Rewinding the Charts: 44 Years Ago, Creedence Clearwater Revival Topped the Beatles

In 1970, John Fogerty's band reigned as the top album artist in Billboard's first year-end spotlight.

ON DEC. 26, 1970, BILLBOARD published its first dedicated review – dubbed "Talent in Action" – of the previous 12 months' biggest acts, albums and songs. That year, the emergence of Creedence Clearwater Revival as the No. 1 album artist signaled a new era in music had arrived.

The '60s had belonged to the Beatles. But, in the wake of their April 10, 1970 breakup, CCR, from El Cerrito, Calif., and its first-place finish were emblematic of rock's changing of the guard.

The John Fogerty-led band took the title thanks in large part to its longest-running Billboard 200 No. 1 album, Cosmo's Factory, which hit the top spot on Aug. 22 and ruled for nine weeks. Of the set's three 1970 singles, "Lookin' Out My Back Door," and its B side, "Long as I Can See the Light," ranked highest (No. 36) on the year-end Billboard Hot 100.

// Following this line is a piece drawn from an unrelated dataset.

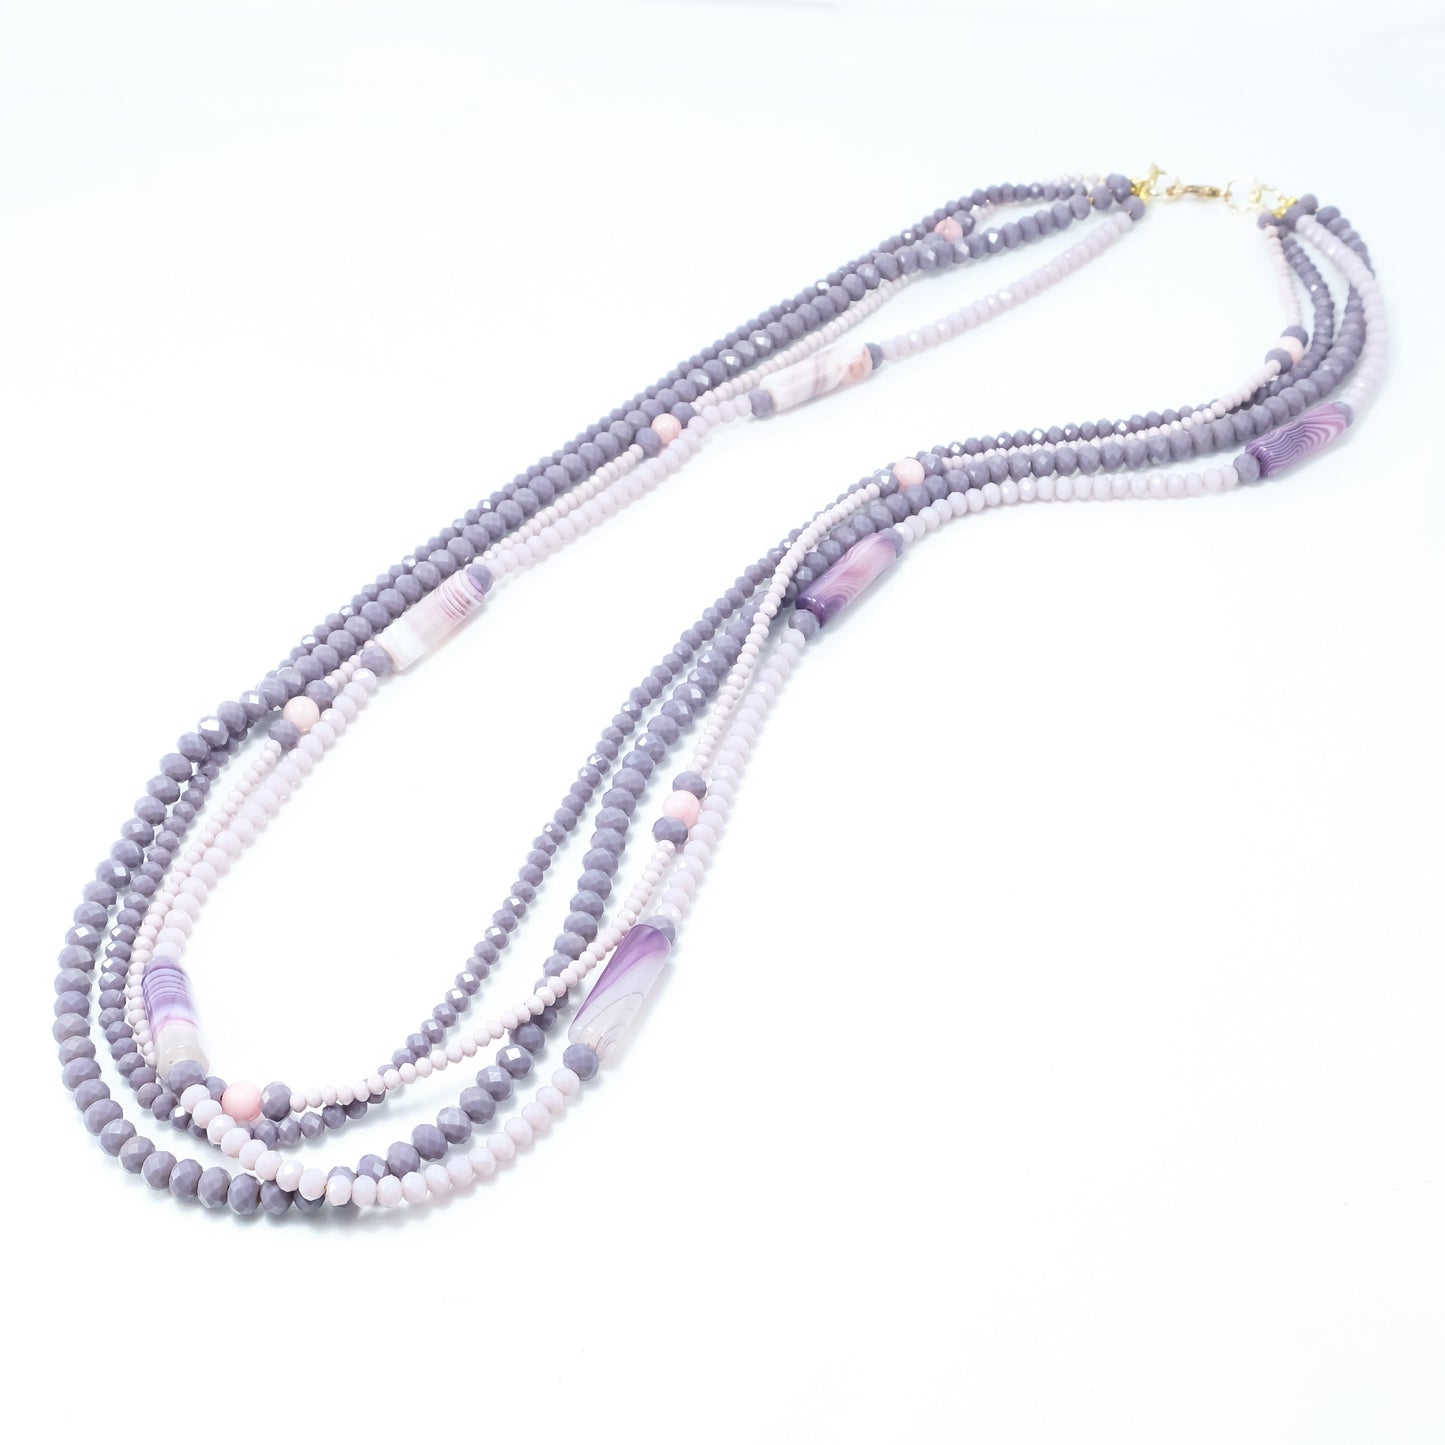 Collana I CRISTALLI .067, cristalli colore viola e lavanda,  agata viola e farfalla

Although CCR wouldn't last as long as the Beatles – after approximately five years together, the band broke up in 1972 – Fogerty, now 69, continues to record and perform as a solo artist.

Other notable honorees on Billboard's 1970 recap rankings: the Jackson 5 was the top singles act, with four Hot 100 No. 1s; Simon & Garfunkel earned the year's top album, Bridge Over Troubled Water, while its title track was the top Hot 100 single; and Diana Ross reigned as the top female vocalist for singles and albums.

Billboard also looked ahead with the "1971 Trendsetter Awards," singling out acts primed for further success. Among them were the Carpenters (for their "melodic harmonies"), James Taylor (a "peaceful mixture of folk and rock") and Tim Rice and Andrew Lloyd Webber, who wrote Jesus Christ Superstar, the hit musical that epitomized "the attention rock was paying to religion in 1970."

A version of this article first appeared in the Dec. 20 issue of Billboard magazine.